▸ Requirement
Pictures aside, print all of the data below exactly as written.

▸ Recorded data
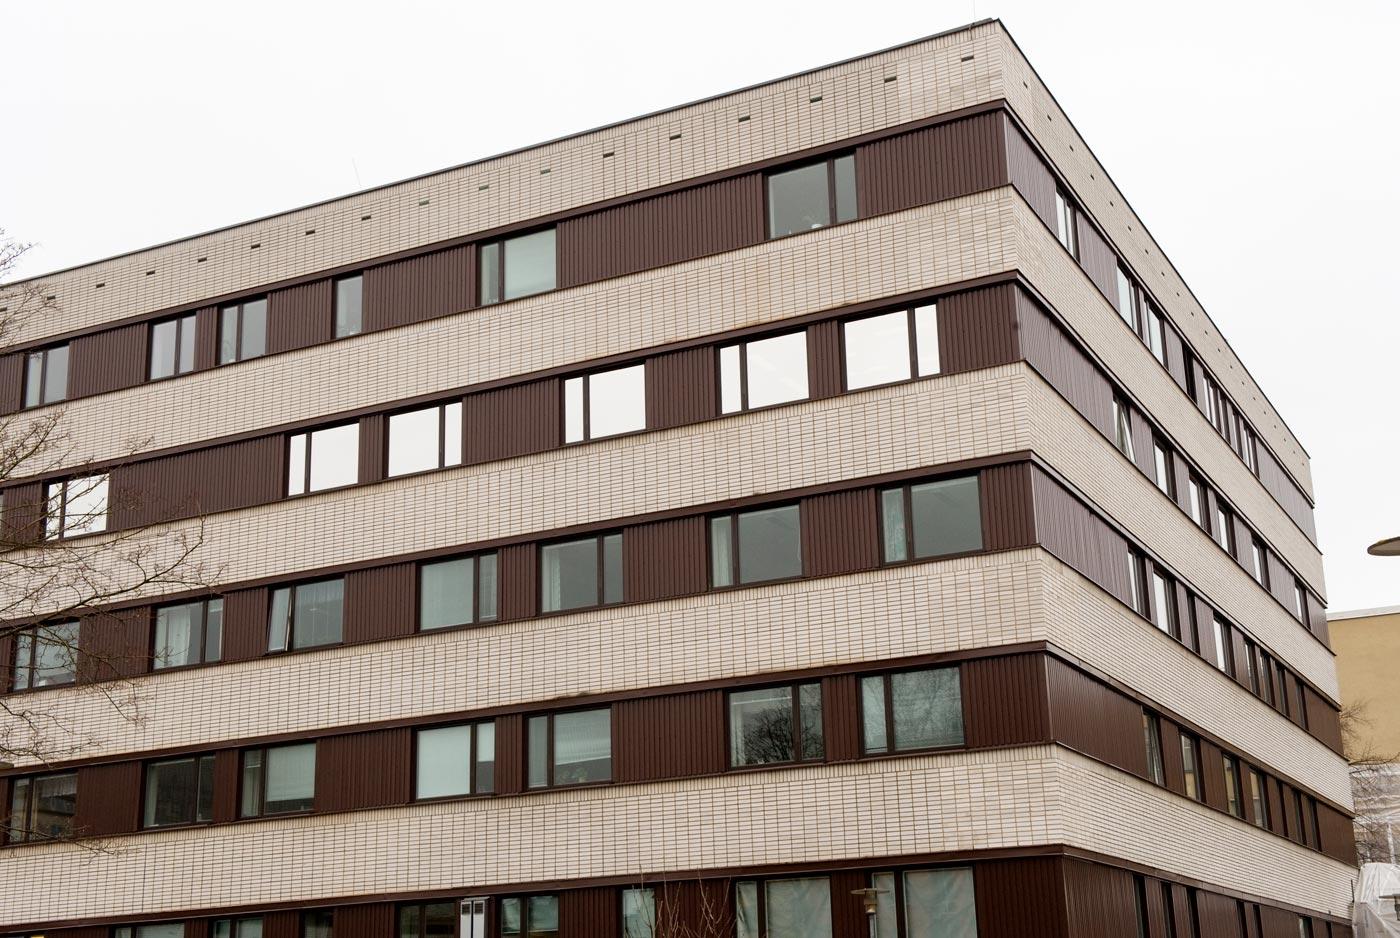 Heving & Hägglund - Byggservice - St Eriks Sjukhus - Fönsterrenovering
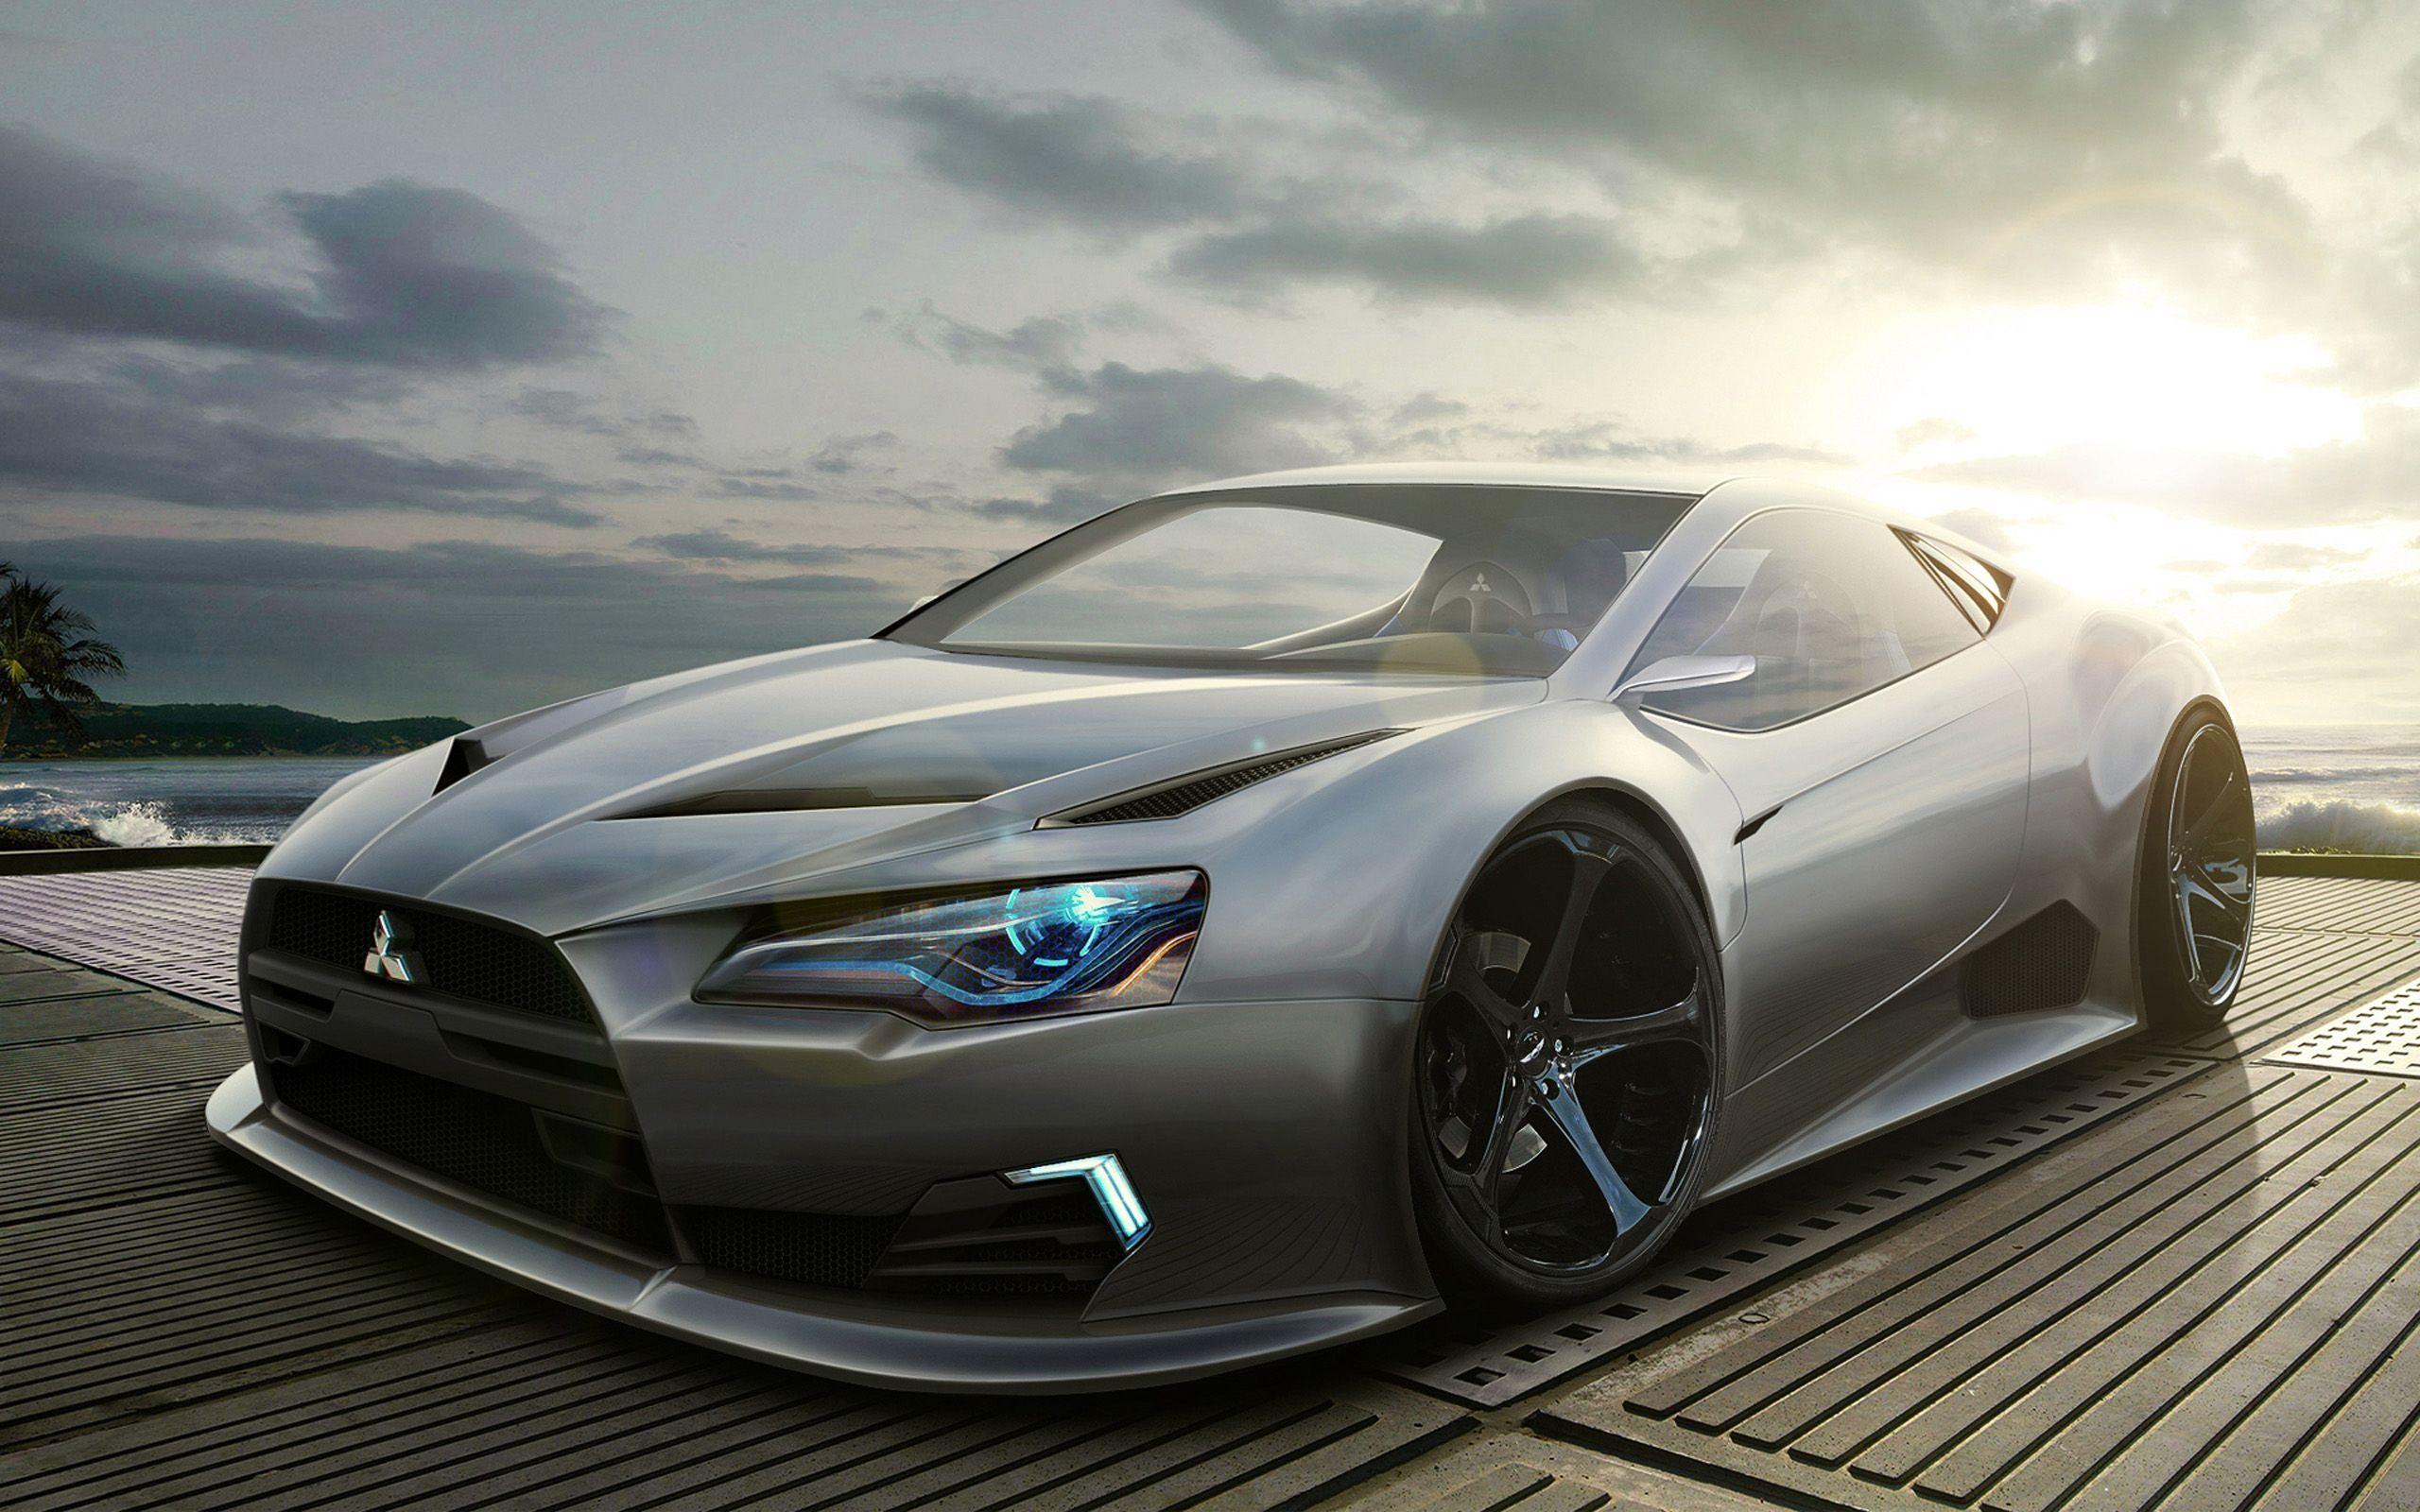 MitsubishiConceptCars Mitsubishi cars, Concept cars
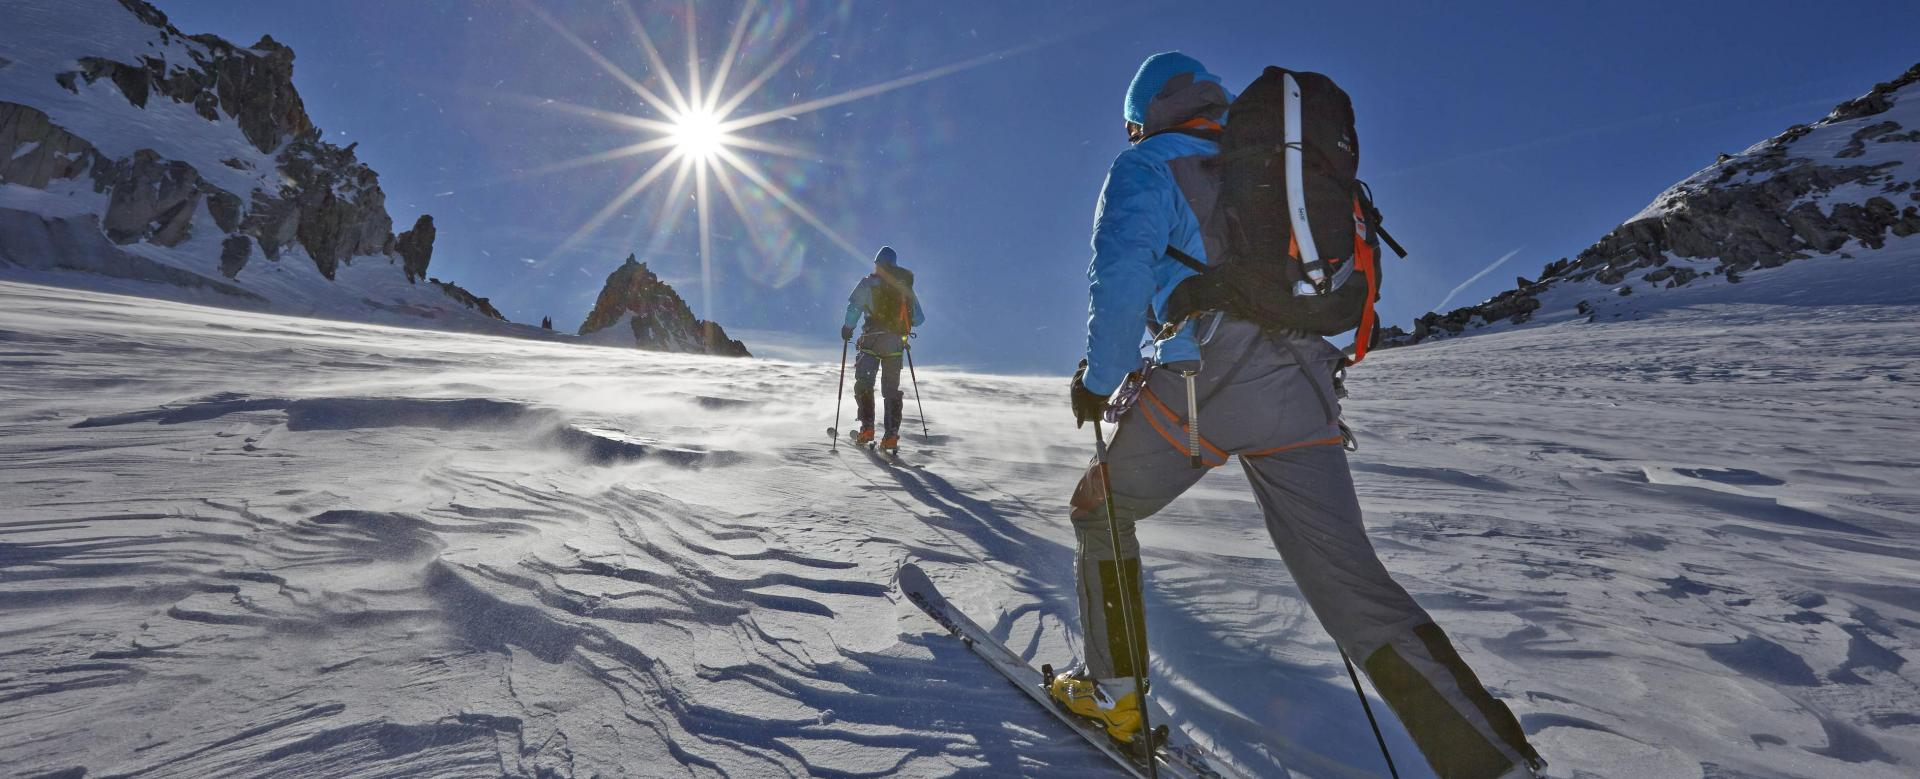 Voyage à pied : Ascension du mont-blanc
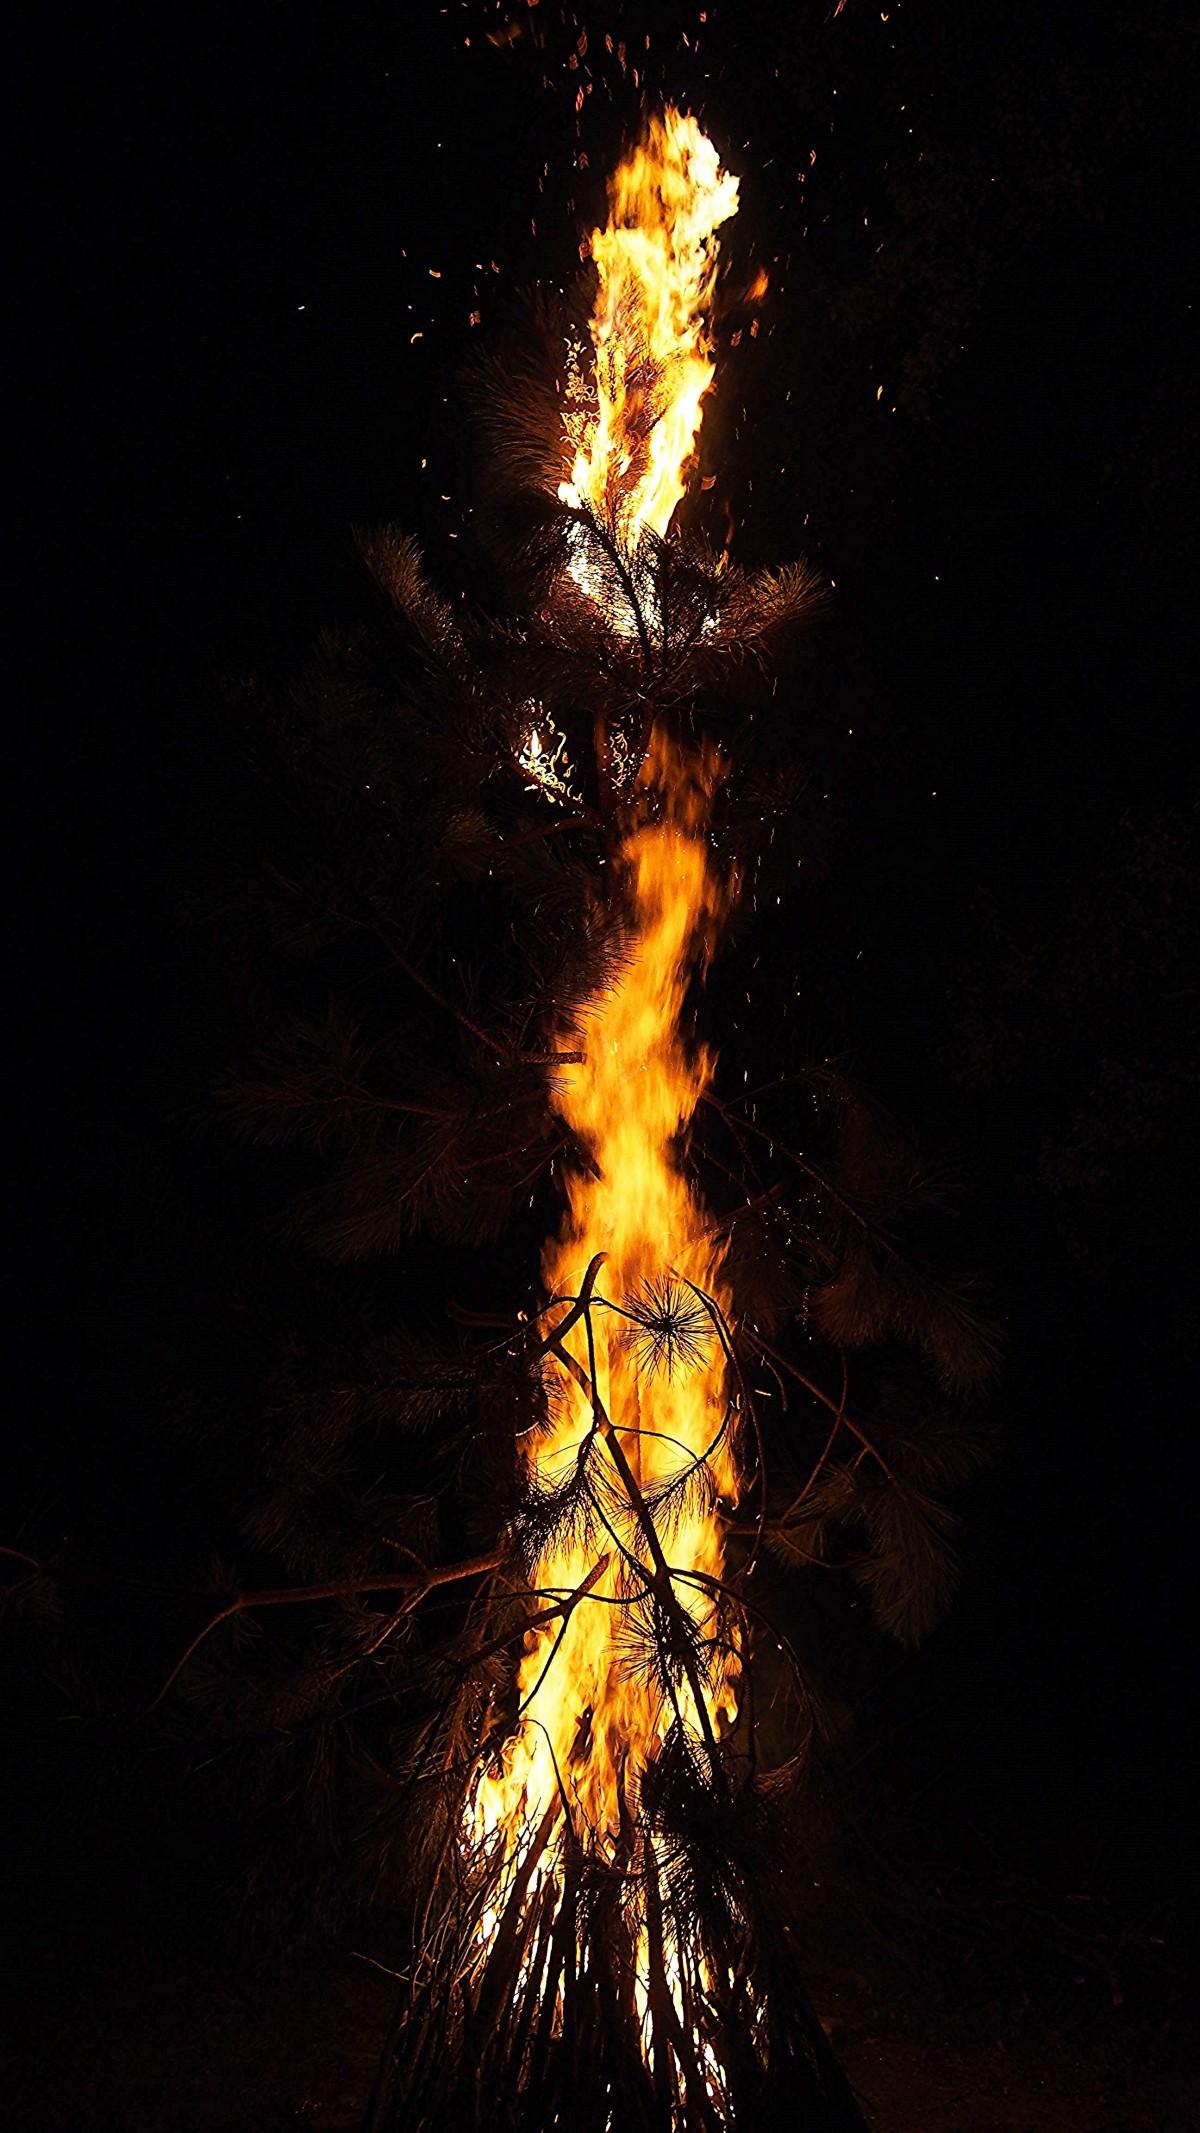 圖片素材 : 晚, 焰火, 火焰, 篝火, 爆炸 4898x3265 - - 150084 - 素材中國, 高清壁紙 - PxHere攝影圖庫

▸ Exercise answer
 Heving & Hägglund - Byggservice - St Eriks Sjukhus - Fönsterrenovering
 MitsubishiConceptCars Mitsubishi cars, Concept cars
 Voyage à pied : Ascension du mont-blanc
 圖片素材 : 晚, 焰火, 火焰, 篝火, 爆炸 4898x3265 - - 150084 - 素材中國, 高清壁紙 - PxHere攝影圖庫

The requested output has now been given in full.